Given entries Start Marker

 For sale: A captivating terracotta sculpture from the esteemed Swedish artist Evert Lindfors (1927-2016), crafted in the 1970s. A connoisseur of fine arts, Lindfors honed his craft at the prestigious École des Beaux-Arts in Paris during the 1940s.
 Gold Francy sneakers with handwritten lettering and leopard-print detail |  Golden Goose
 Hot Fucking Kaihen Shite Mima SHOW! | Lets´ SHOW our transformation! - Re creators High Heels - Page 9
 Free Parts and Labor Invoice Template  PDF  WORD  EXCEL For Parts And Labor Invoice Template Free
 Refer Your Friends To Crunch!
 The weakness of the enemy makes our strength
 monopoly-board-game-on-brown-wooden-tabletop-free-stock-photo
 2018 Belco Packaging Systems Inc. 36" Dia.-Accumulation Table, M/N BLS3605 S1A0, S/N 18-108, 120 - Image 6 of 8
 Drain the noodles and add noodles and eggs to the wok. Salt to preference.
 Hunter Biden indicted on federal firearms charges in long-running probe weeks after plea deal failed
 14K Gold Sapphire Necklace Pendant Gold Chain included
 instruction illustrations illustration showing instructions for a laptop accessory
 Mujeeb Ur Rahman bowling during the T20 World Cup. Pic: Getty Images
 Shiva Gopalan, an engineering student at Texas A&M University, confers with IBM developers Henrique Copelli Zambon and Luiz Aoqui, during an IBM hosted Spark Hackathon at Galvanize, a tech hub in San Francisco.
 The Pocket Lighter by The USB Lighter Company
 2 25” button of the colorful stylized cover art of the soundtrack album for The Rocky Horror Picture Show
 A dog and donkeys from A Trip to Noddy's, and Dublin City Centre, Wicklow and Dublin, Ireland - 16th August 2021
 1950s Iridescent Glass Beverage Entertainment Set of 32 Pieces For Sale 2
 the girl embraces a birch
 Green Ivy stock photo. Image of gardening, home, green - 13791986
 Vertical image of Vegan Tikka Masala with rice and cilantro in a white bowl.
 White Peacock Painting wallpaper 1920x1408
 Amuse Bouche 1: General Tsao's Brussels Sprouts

Given entries End Marker

Problem statement -> Among the entries above, find the line with "Free Parts and" and the line with "Mujeeb Ur Rahman"; give again exactly these two lines and all lines between them.

Exercise result ->
 Free Parts and Labor Invoice Template  PDF  WORD  EXCEL For Parts And Labor Invoice Template Free
 Refer Your Friends To Crunch!
 The weakness of the enemy makes our strength
 monopoly-board-game-on-brown-wooden-tabletop-free-stock-photo
 2018 Belco Packaging Systems Inc. 36" Dia.-Accumulation Table, M/N BLS3605 S1A0, S/N 18-108, 120 - Image 6 of 8
 Drain the noodles and add noodles and eggs to the wok. Salt to preference.
 Hunter Biden indicted on federal firearms charges in long-running probe weeks after plea deal failed
 14K Gold Sapphire Necklace Pendant Gold Chain included
 instruction illustrations illustration showing instructions for a laptop accessory
 Mujeeb Ur Rahman bowling during the T20 World Cup. Pic: Getty Images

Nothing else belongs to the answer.